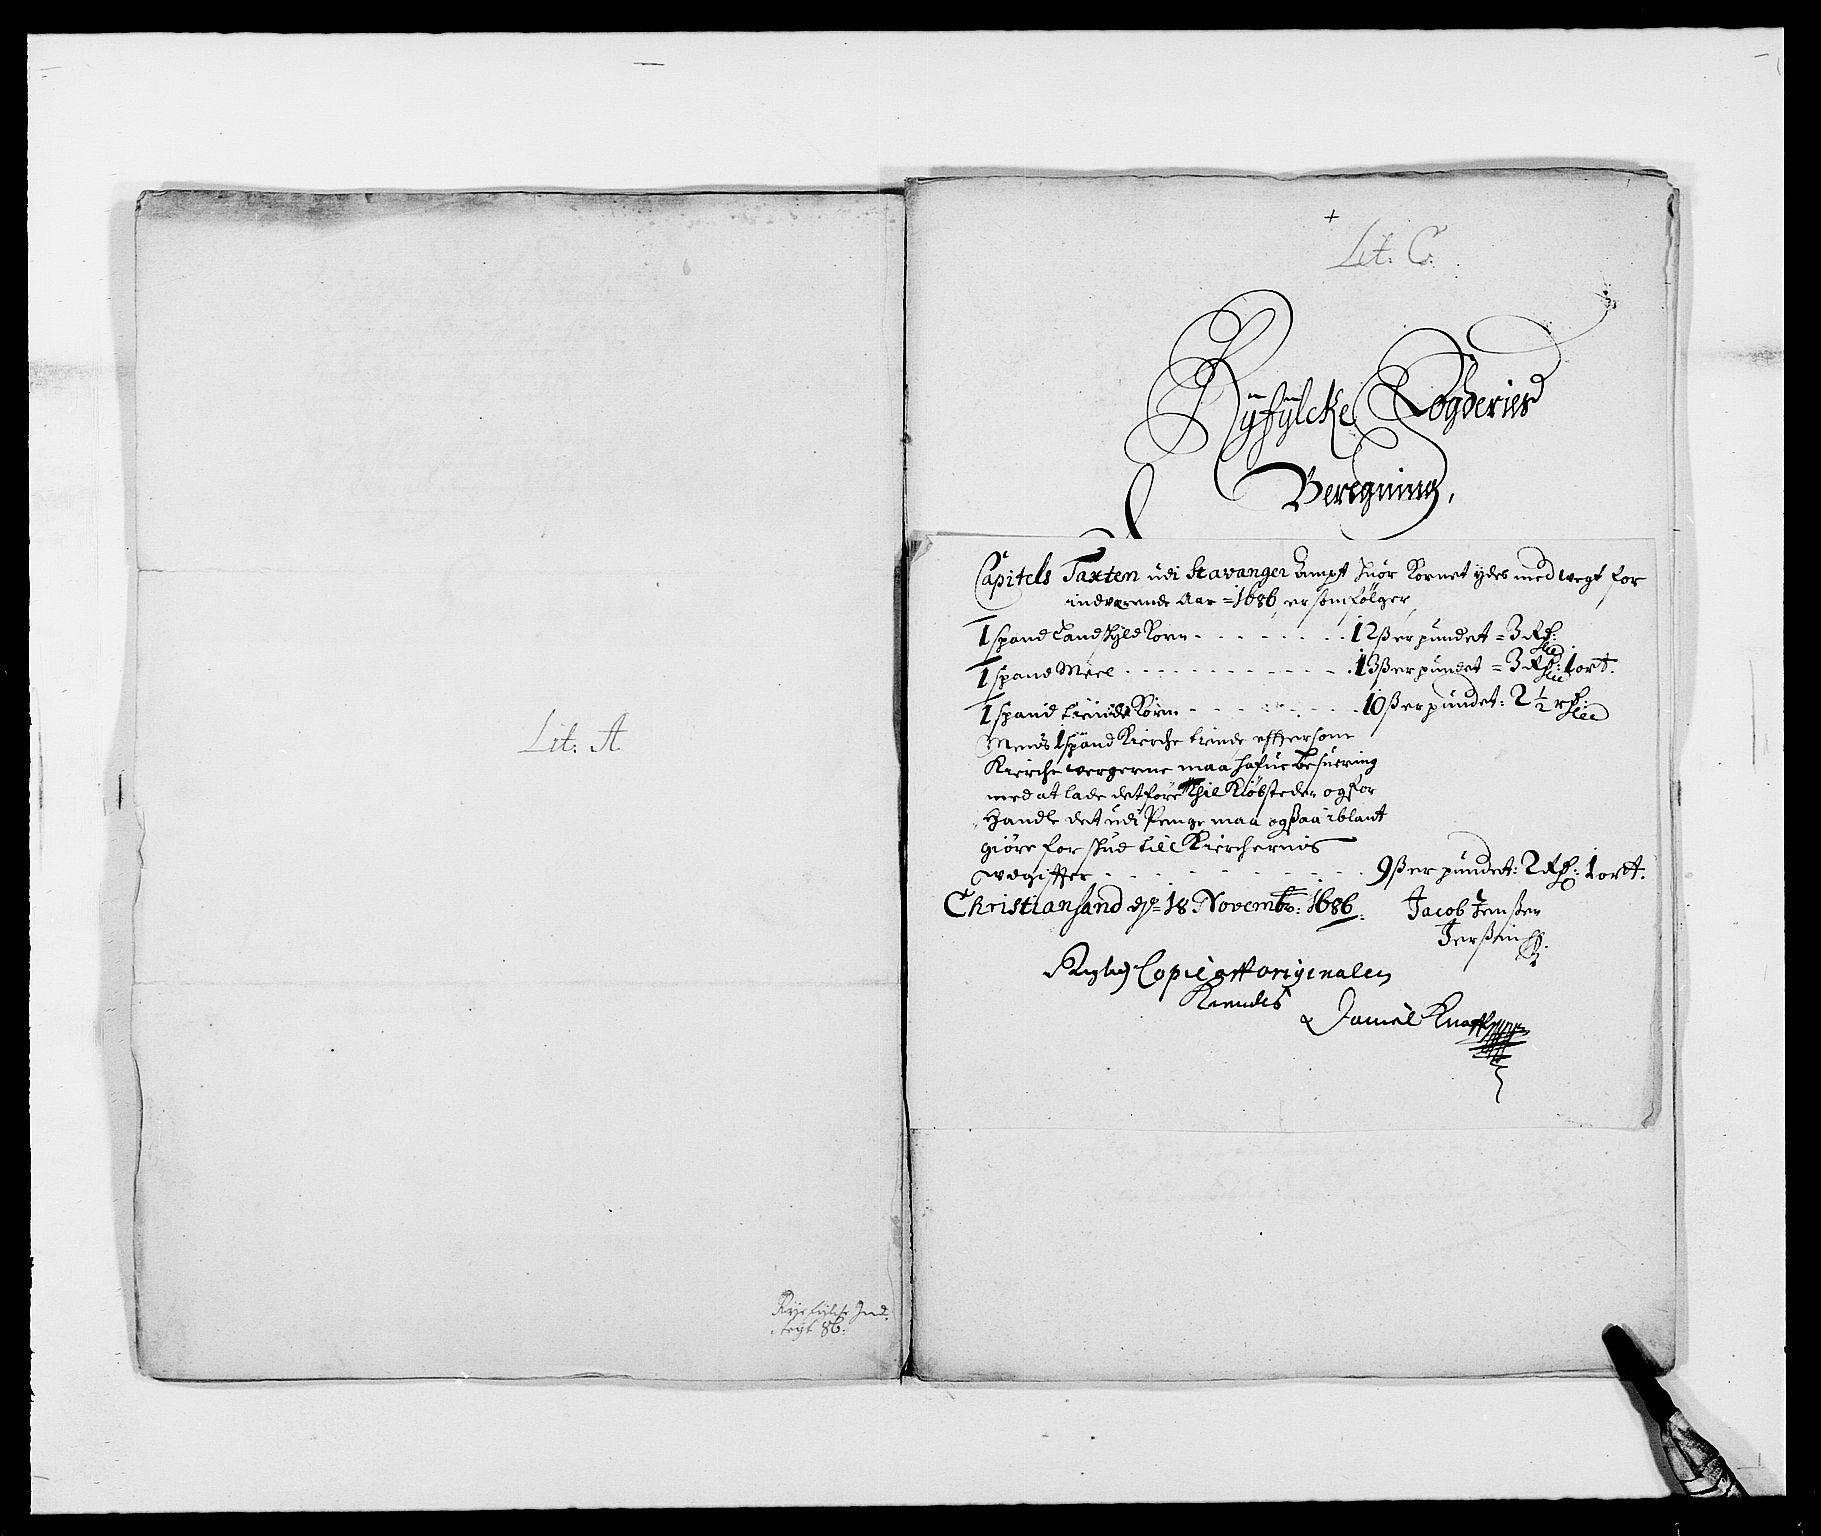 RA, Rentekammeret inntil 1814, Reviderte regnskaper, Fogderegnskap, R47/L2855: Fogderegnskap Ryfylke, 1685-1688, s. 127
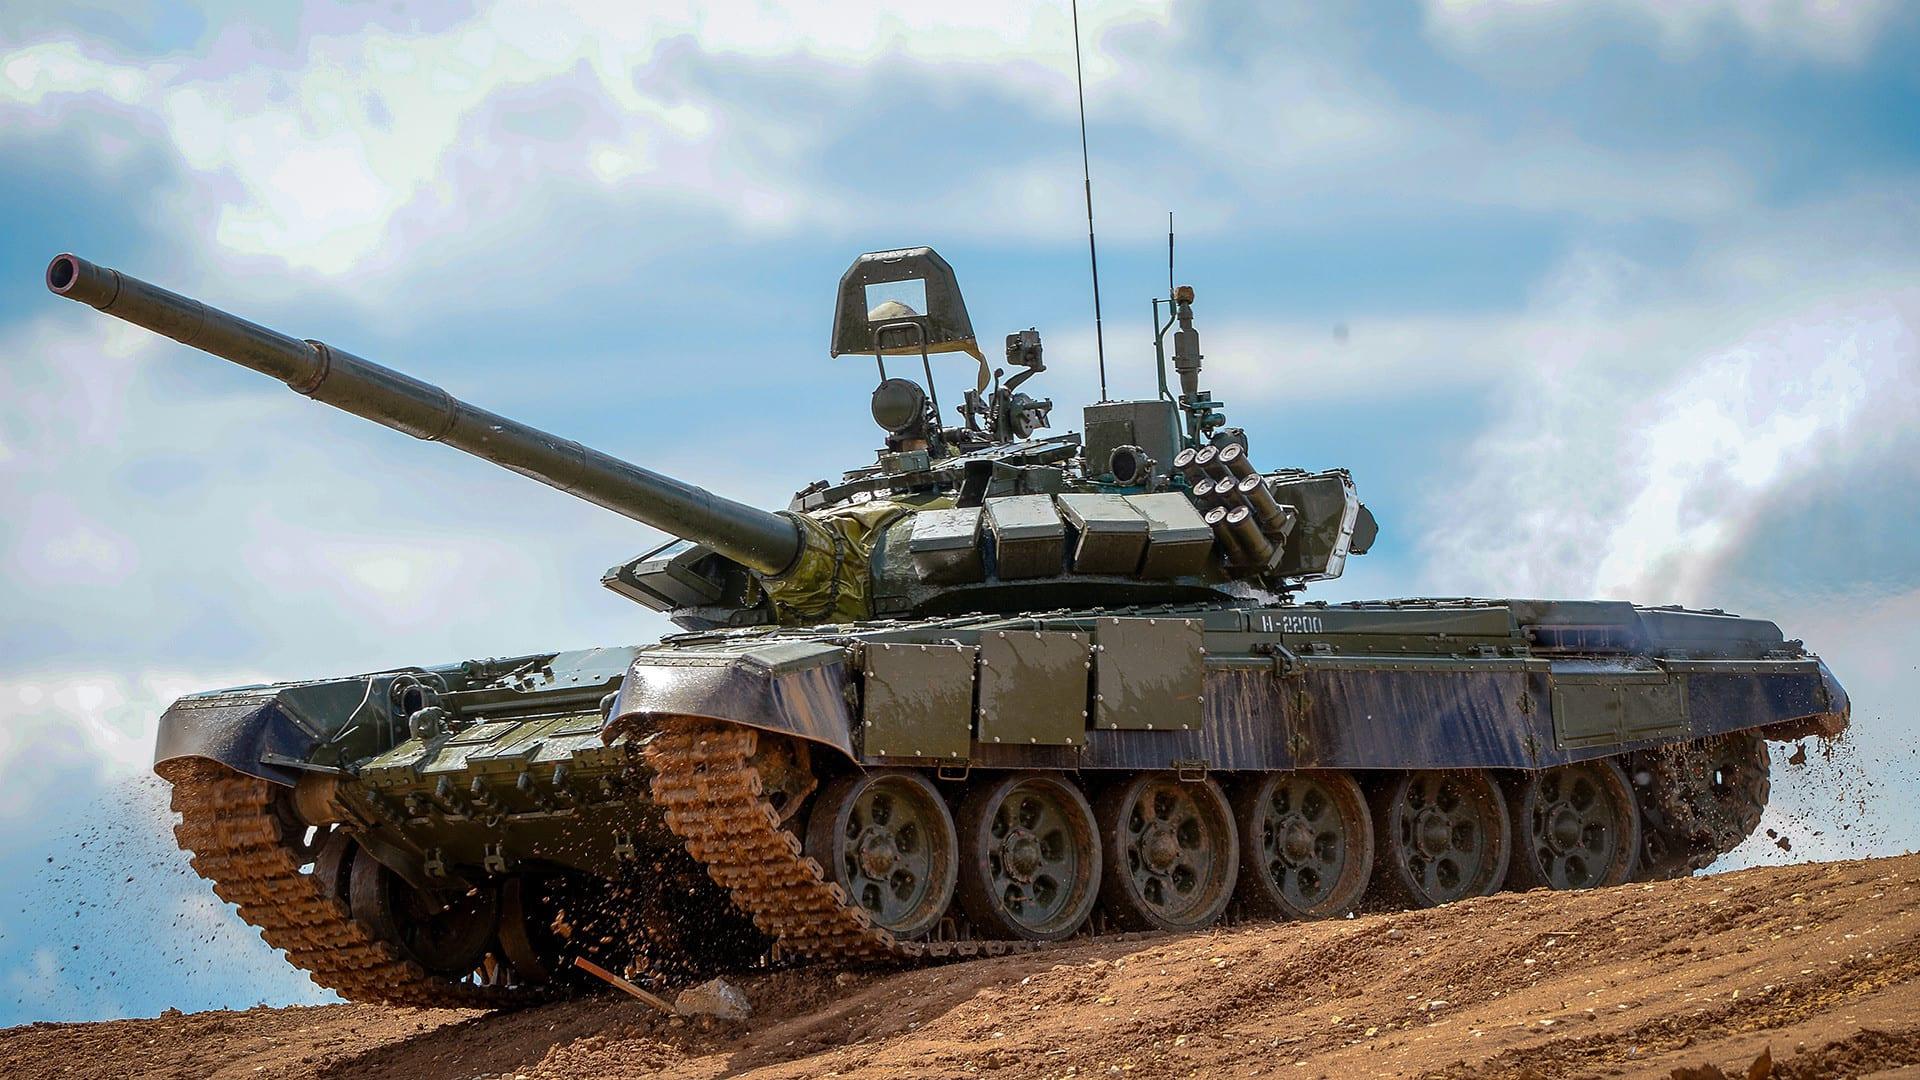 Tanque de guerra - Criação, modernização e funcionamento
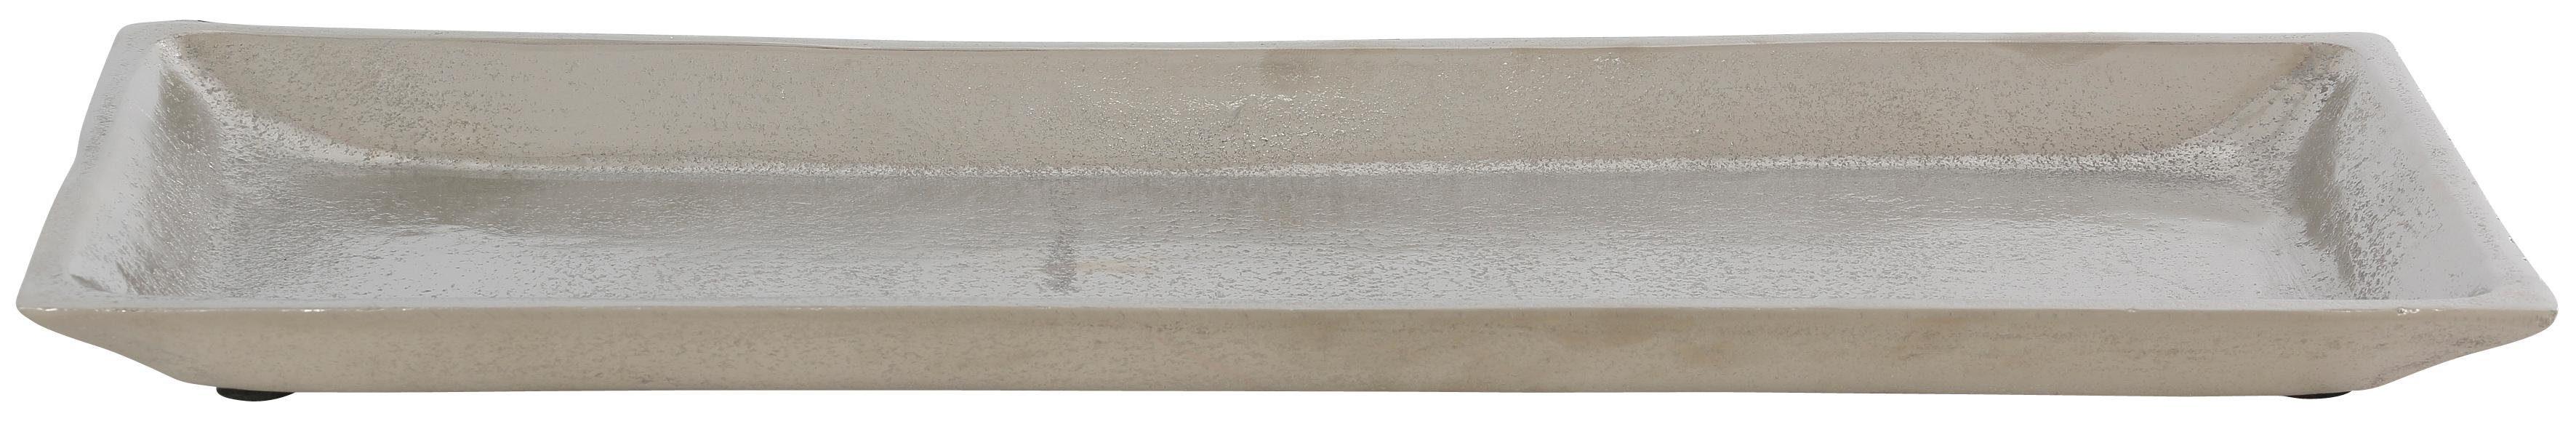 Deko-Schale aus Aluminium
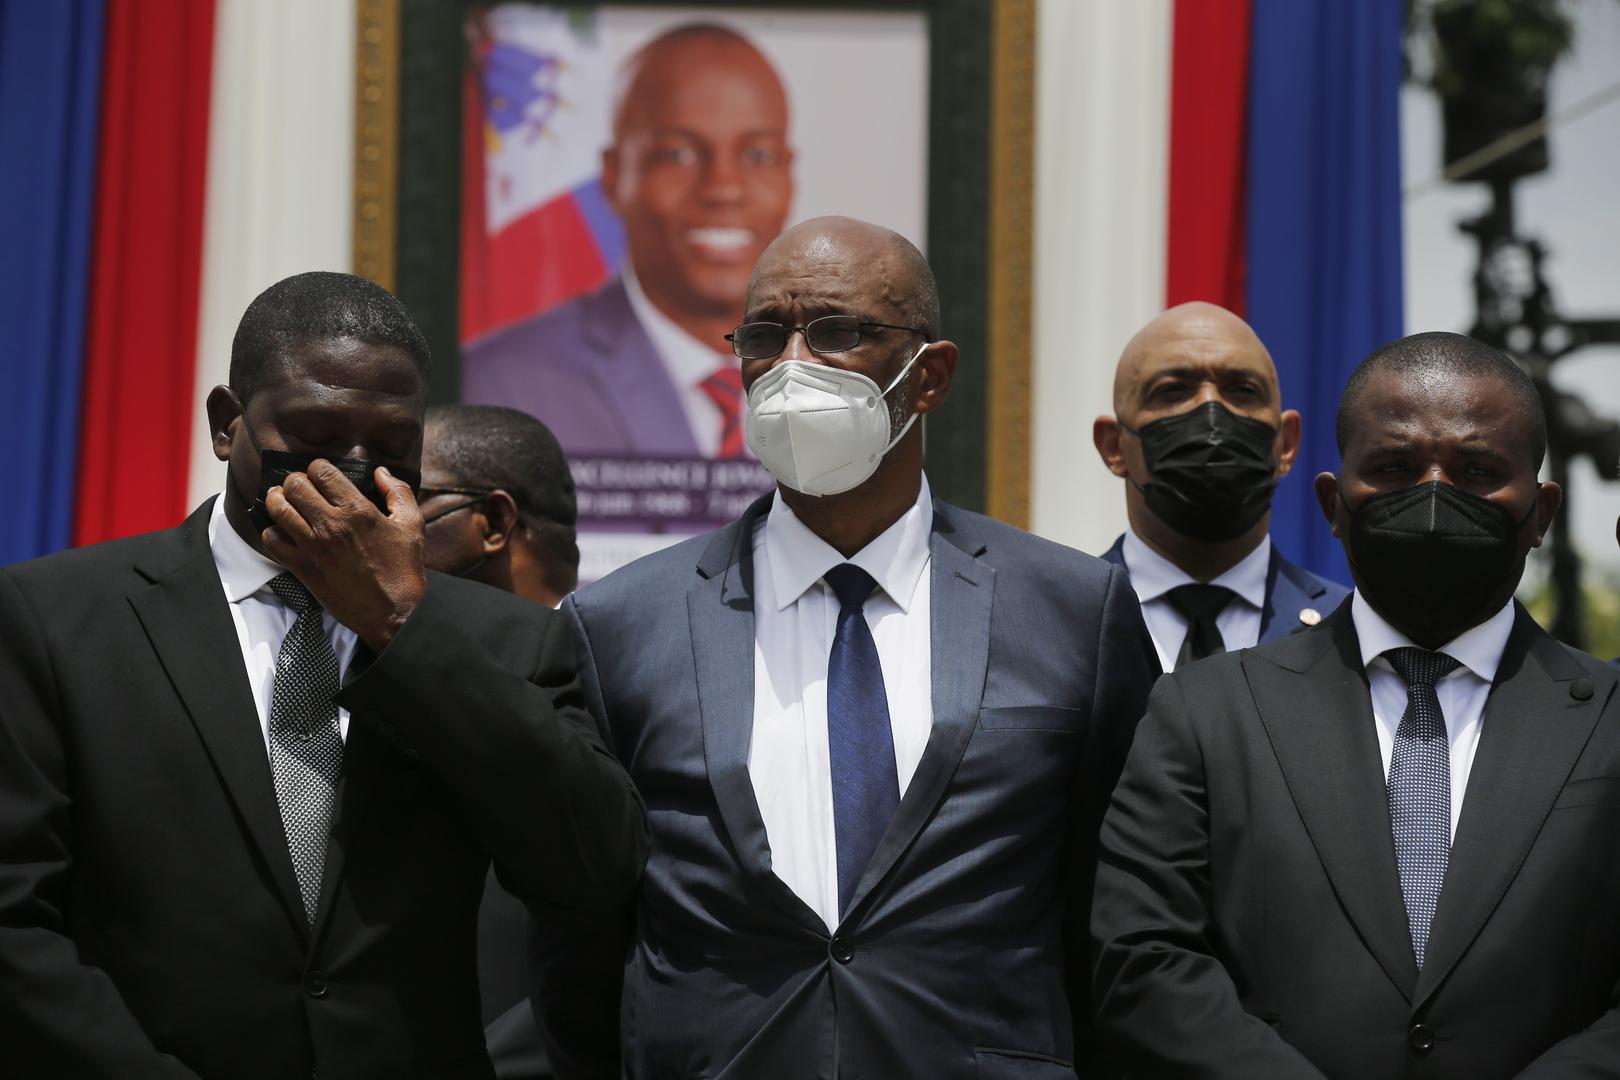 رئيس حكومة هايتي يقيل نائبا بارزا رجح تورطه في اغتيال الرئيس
================================
**WORK INSTRUCTIONS:** Pictures are to be left out; repeat all the remaining data exactly.

**ANSWER FOR THE TASK:**
 RA, Rentekammeret inntil 1814, Reviderte regnskaper, Fogderegnskap, R47/L2855: Fogderegnskap Ryfylke, 1685-1688, s. 127
 Tanque de guerra - Criação, modernização e funcionamento
 Deko-Schale aus Aluminium
 رئيس حكومة هايتي يقيل نائبا بارزا رجح تورطه في اغتيال الرئيس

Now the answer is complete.